WHAT IS NEEDED:
From the first line to the last, restate the material word for word; pictures stay out.
GIVEN MATERIAL START
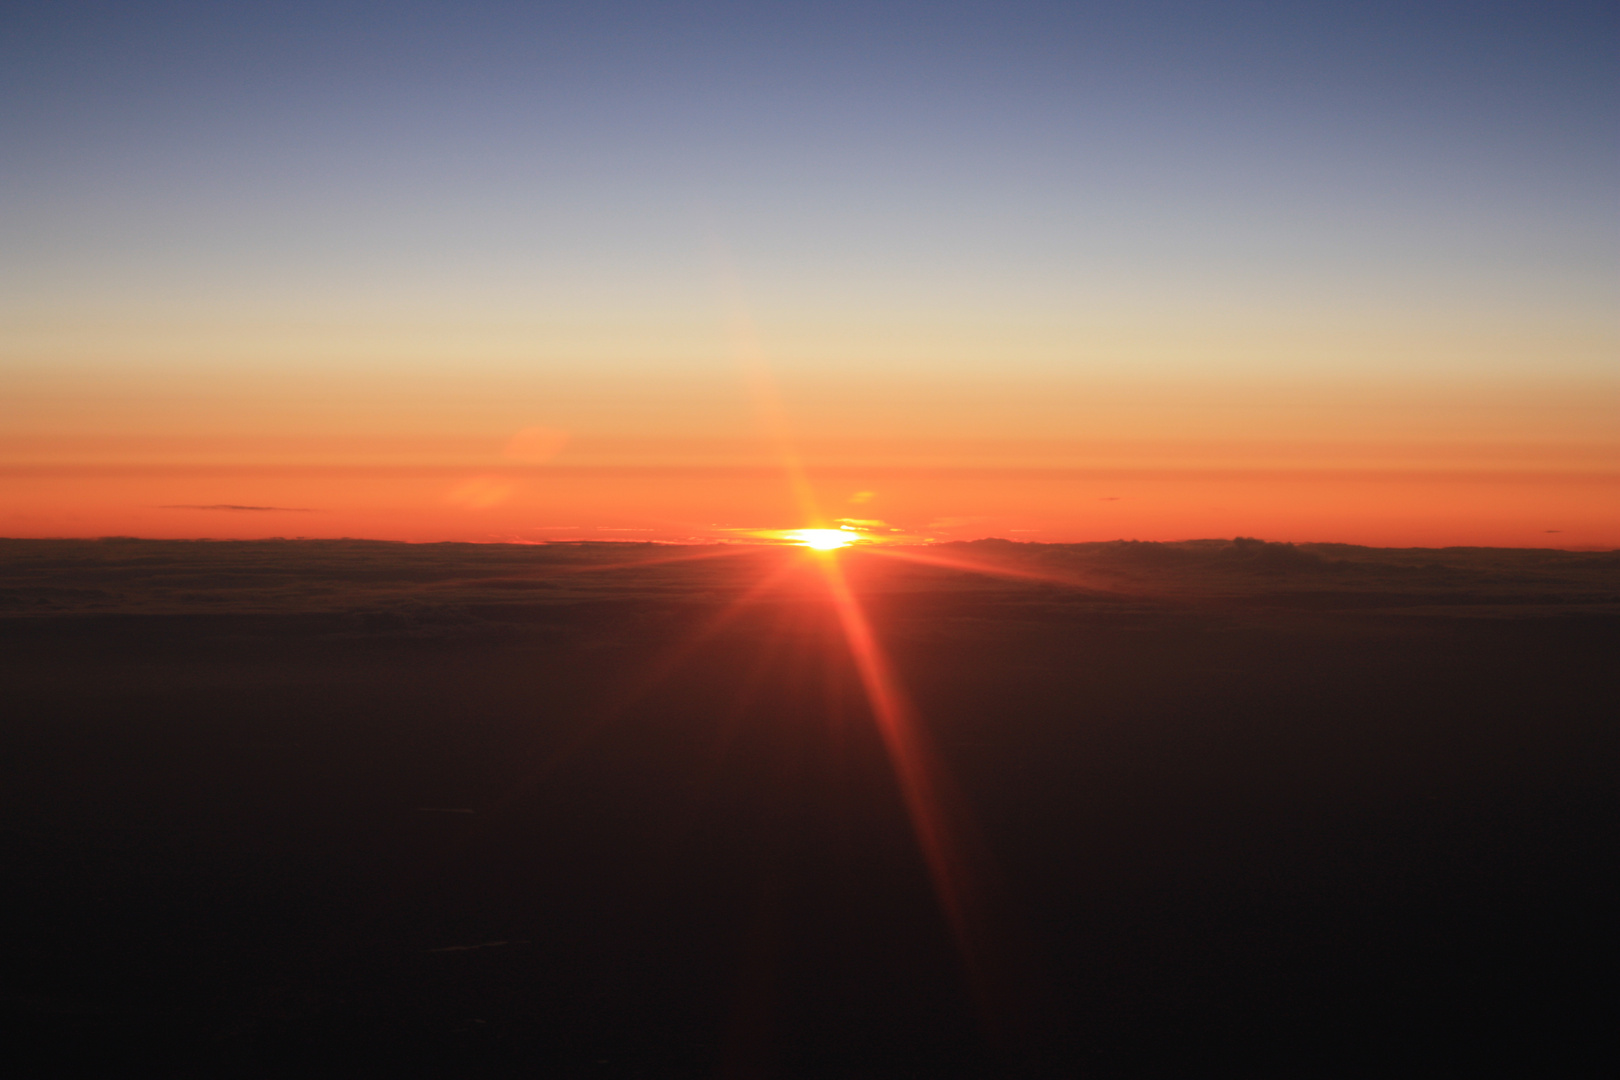 lever de soleil pris d'un avion
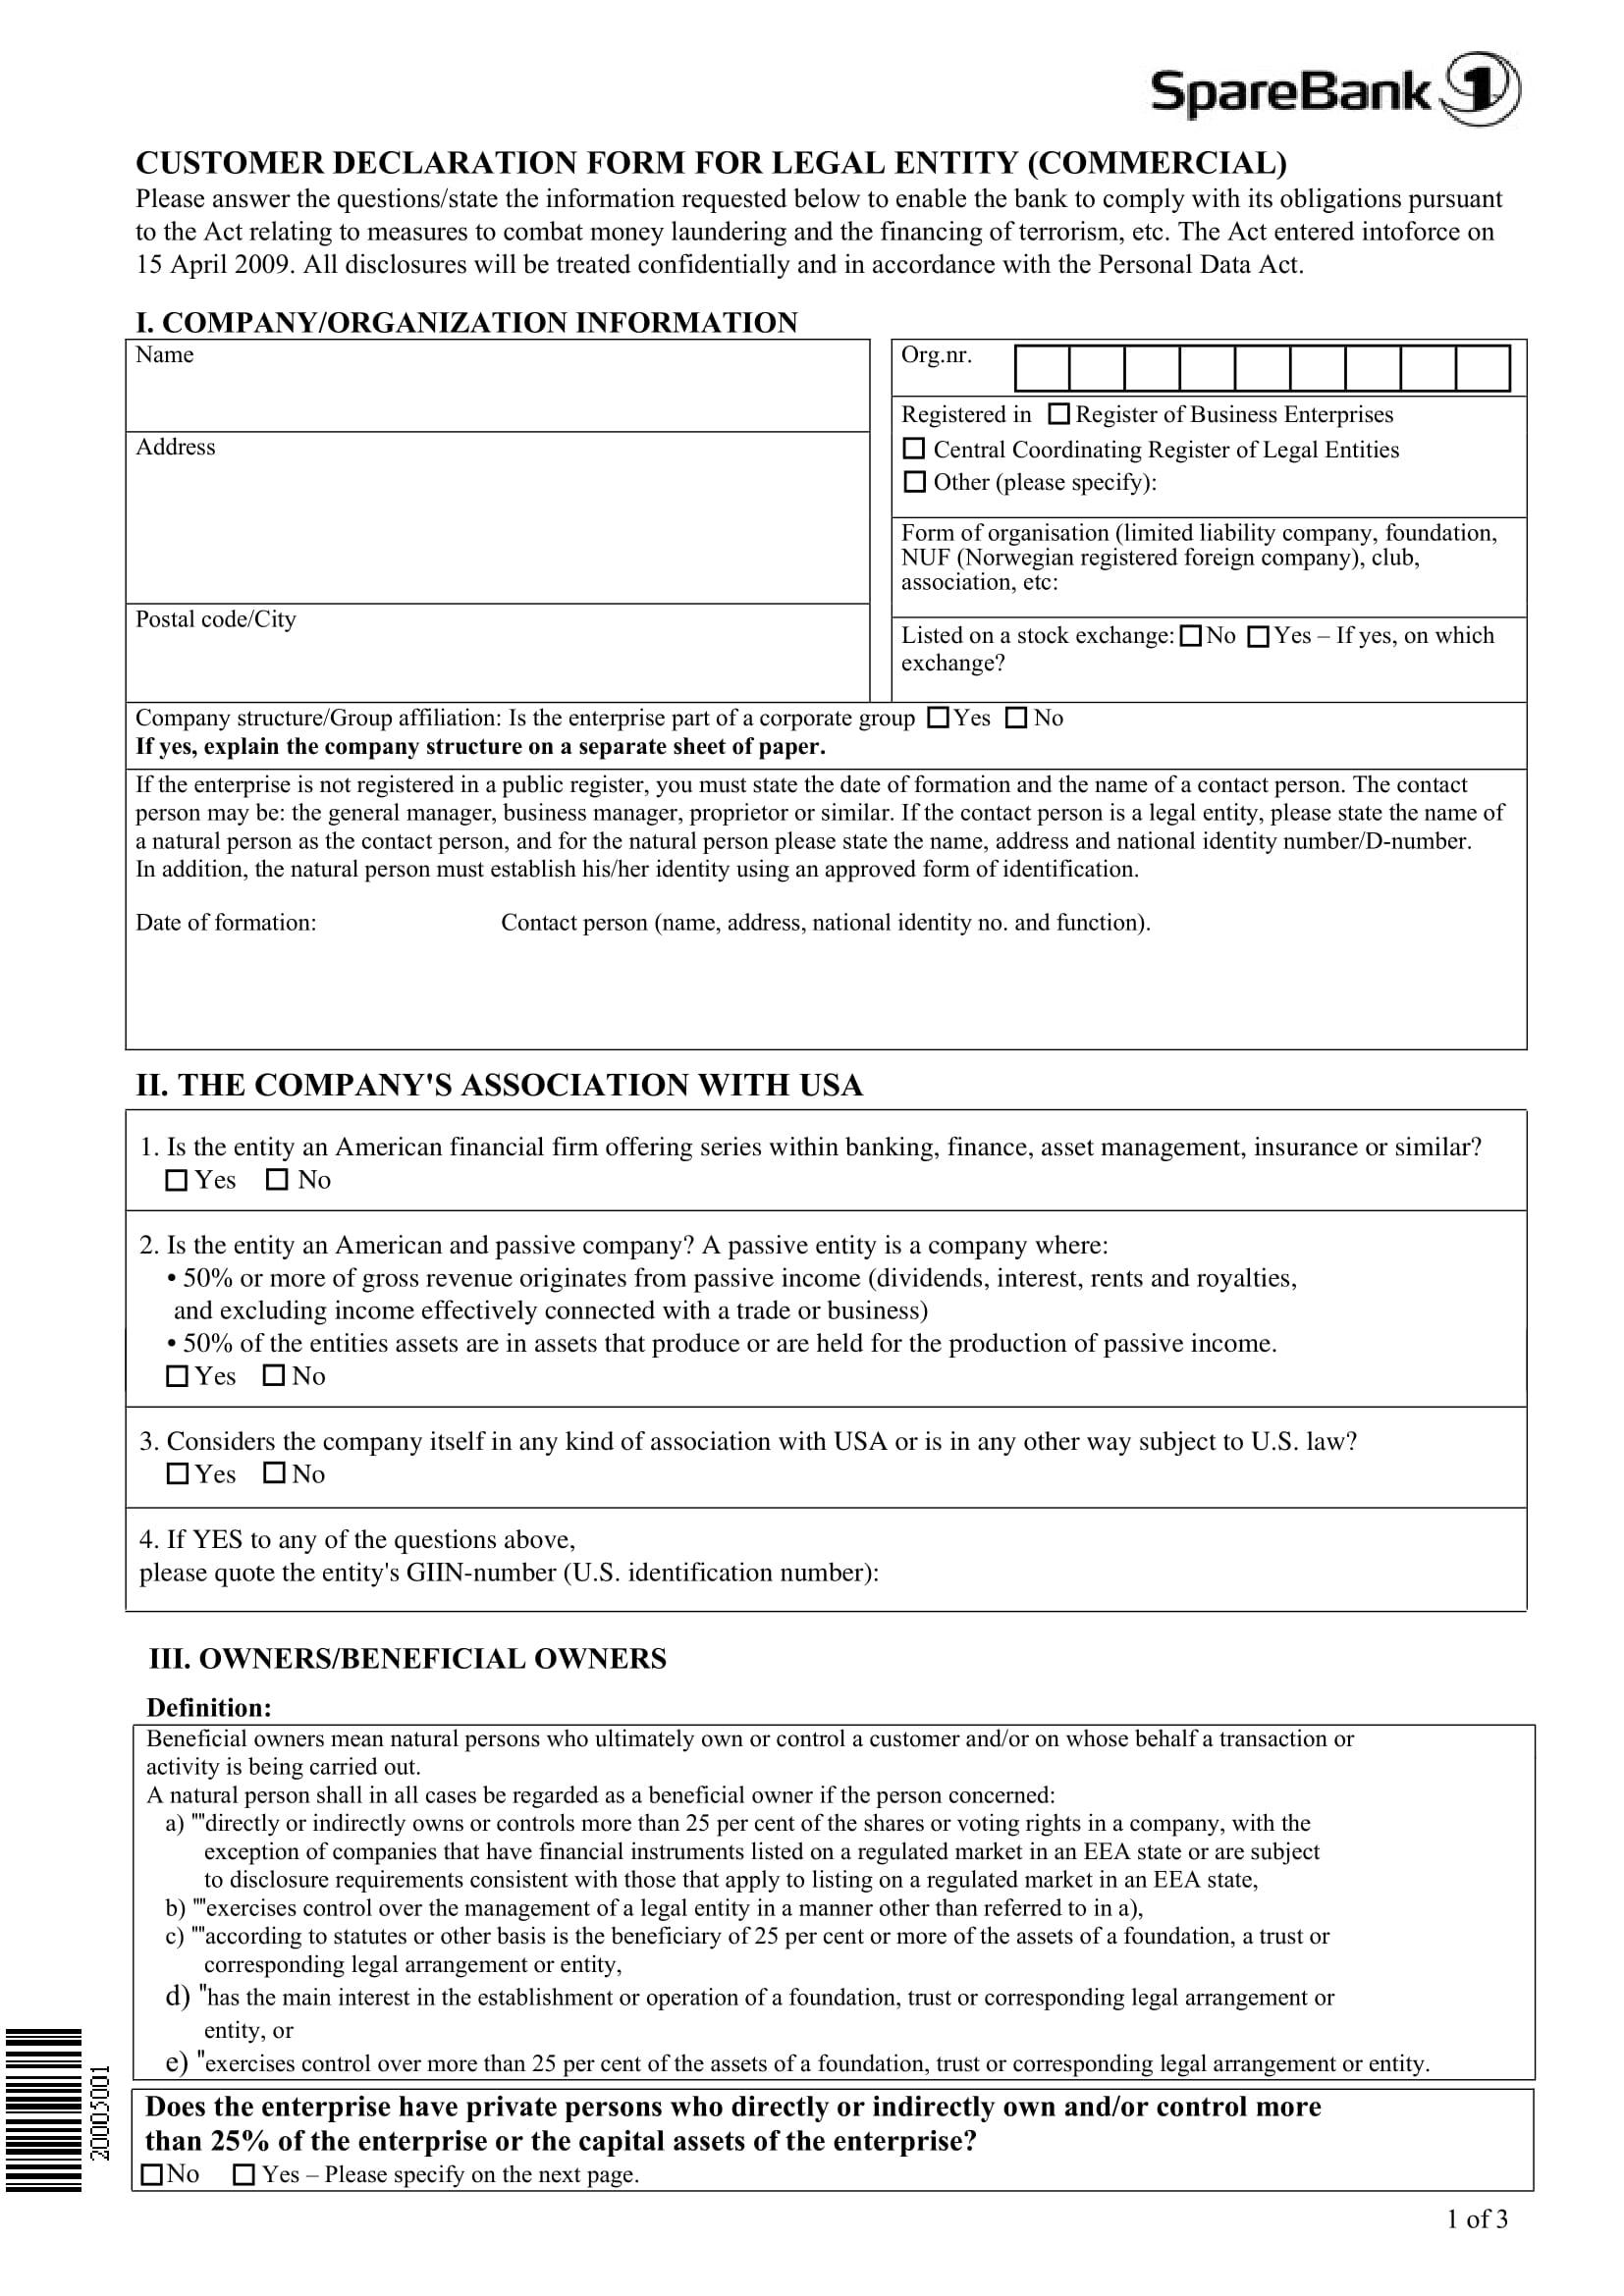 customer declaration form for legal entity 1
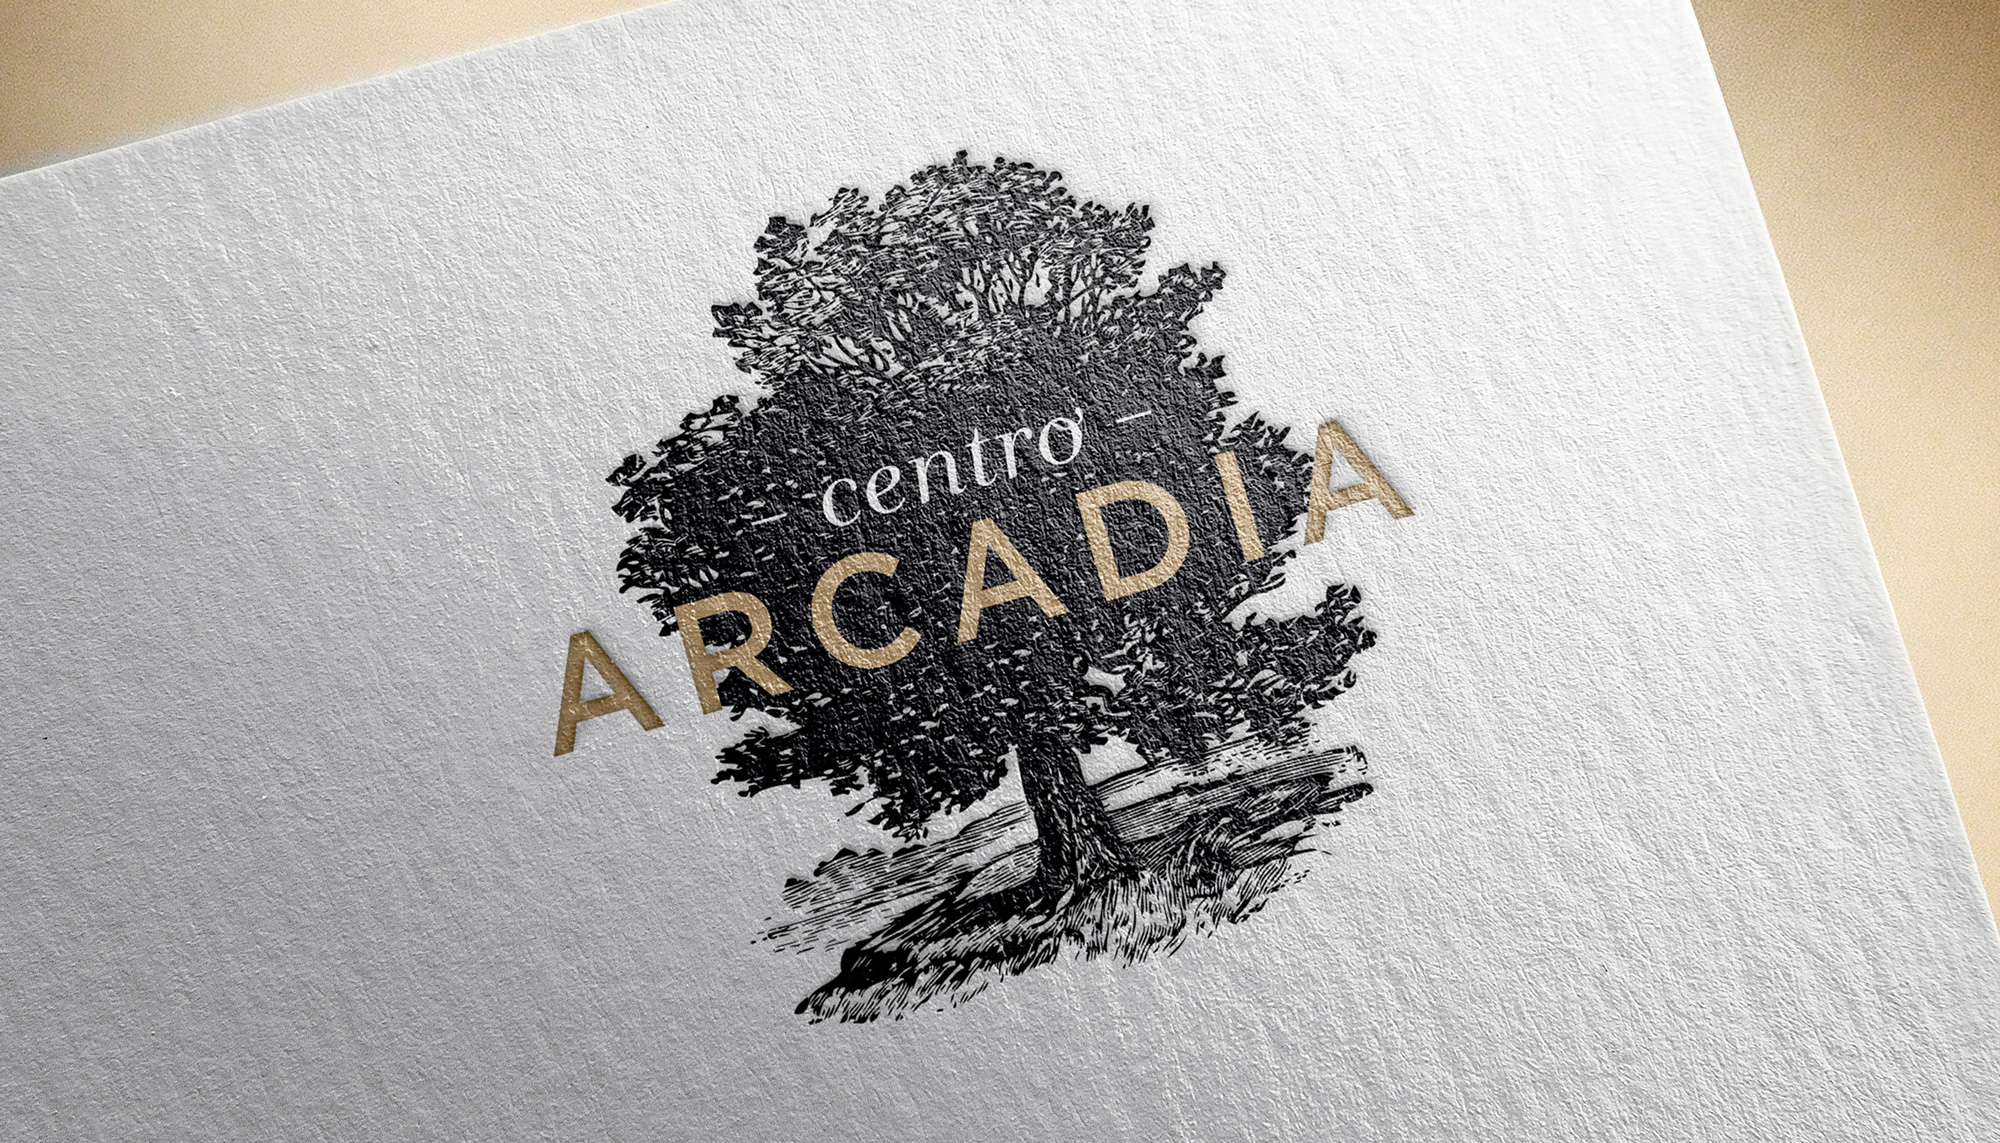 Imagen Corporativa Centro Arcadia
GIVEN MATERIAL END
EXERCISE RESPONSE:
 lever de soleil pris d'un avion
 customer declaration form for legal entity 1
 Imagen Corporativa Centro Arcadia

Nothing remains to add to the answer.